This profile by Katie Drummond at Wired of a Darpa project in AI caught my eye. In the past year or so, I’ve seen eulogies for sub-fields of artificial intelligence and announcements of the re-invigoration of the overall field. I like reading about this pair of researchers quietly getting on with it.
The problem Yann LeCun and Rob Fergus at NYU are tackling is how to get a machine to learn without the labor intensive guidance and training that is usually required. This is a big problem in both the fields of computer science and philosophy, identifying where field ends and object begins and vice versa.

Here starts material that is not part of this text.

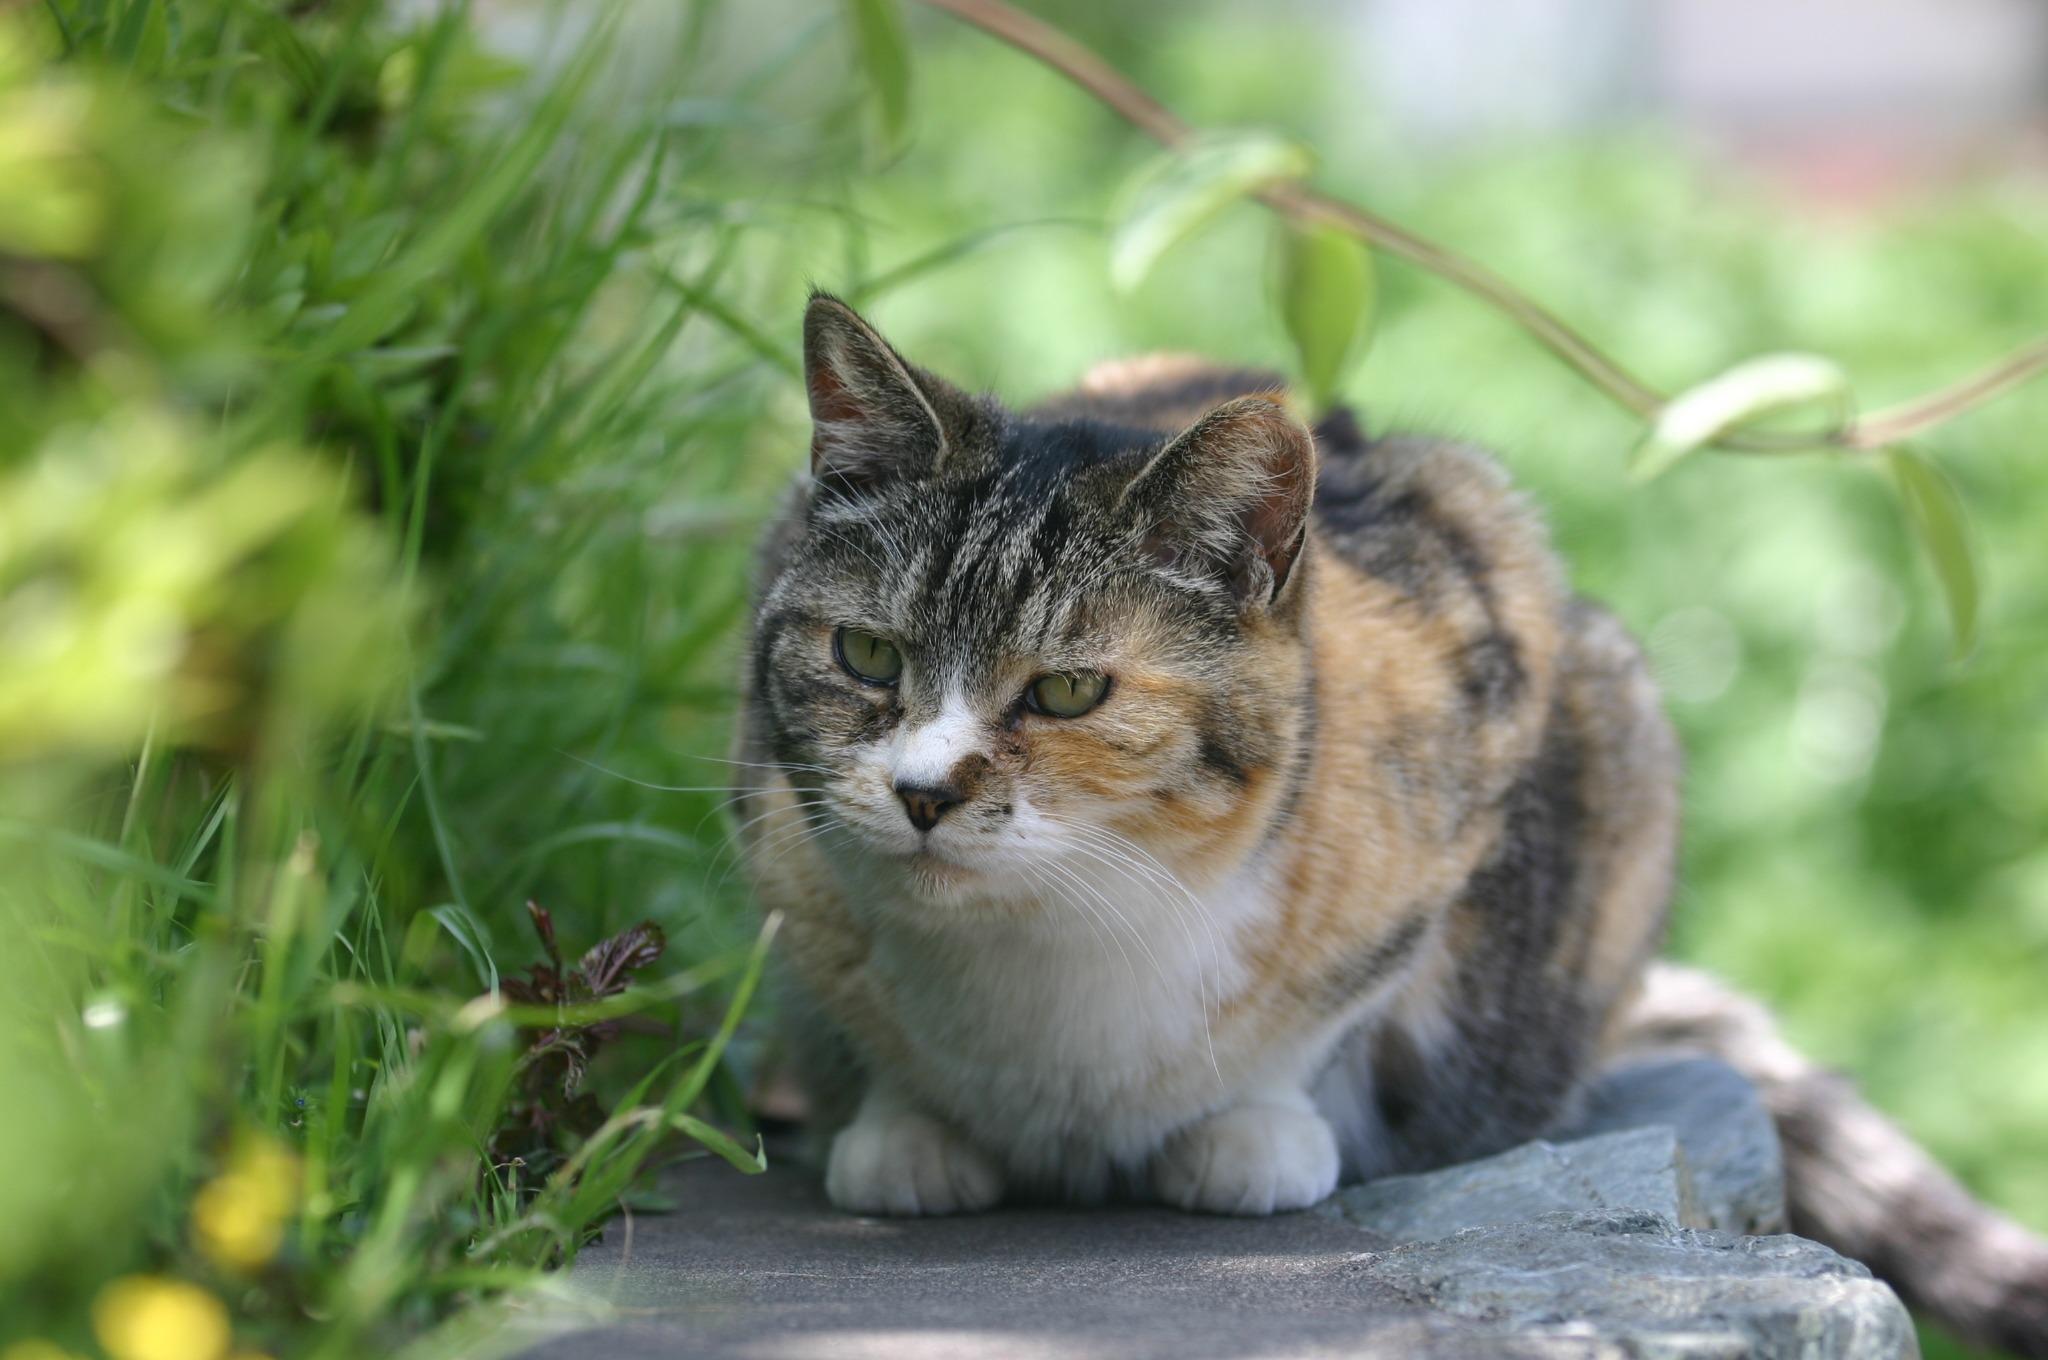 猫さん、正面から失礼します

Existing software programs rely heavily on human assistance to identify objects. A user extracts key feature sets, like edge statistics (how many edges an object has, and where they are) and then feeds the data into a running algorithm, which uses the feature sets to recognize the visual input.
“People spend huge amounts of time building these feature sets, figuring out which are better or more accurate, and then refining them,” LeCun told Danger Room. “The question we’re asking is whether we can create computers that automatically learn feature sets from data. The brain can do it, so why not machines?”
Drummond includes a decent high level explanation of the pair’s approach, a method of layering masks that seems similar to certain aspects of neural networks. If they make progress beyond these promising beginnings, it will have implications not just for hard problems in computing but perhaps for how our own brains tackle these challenges of object identification and self learning.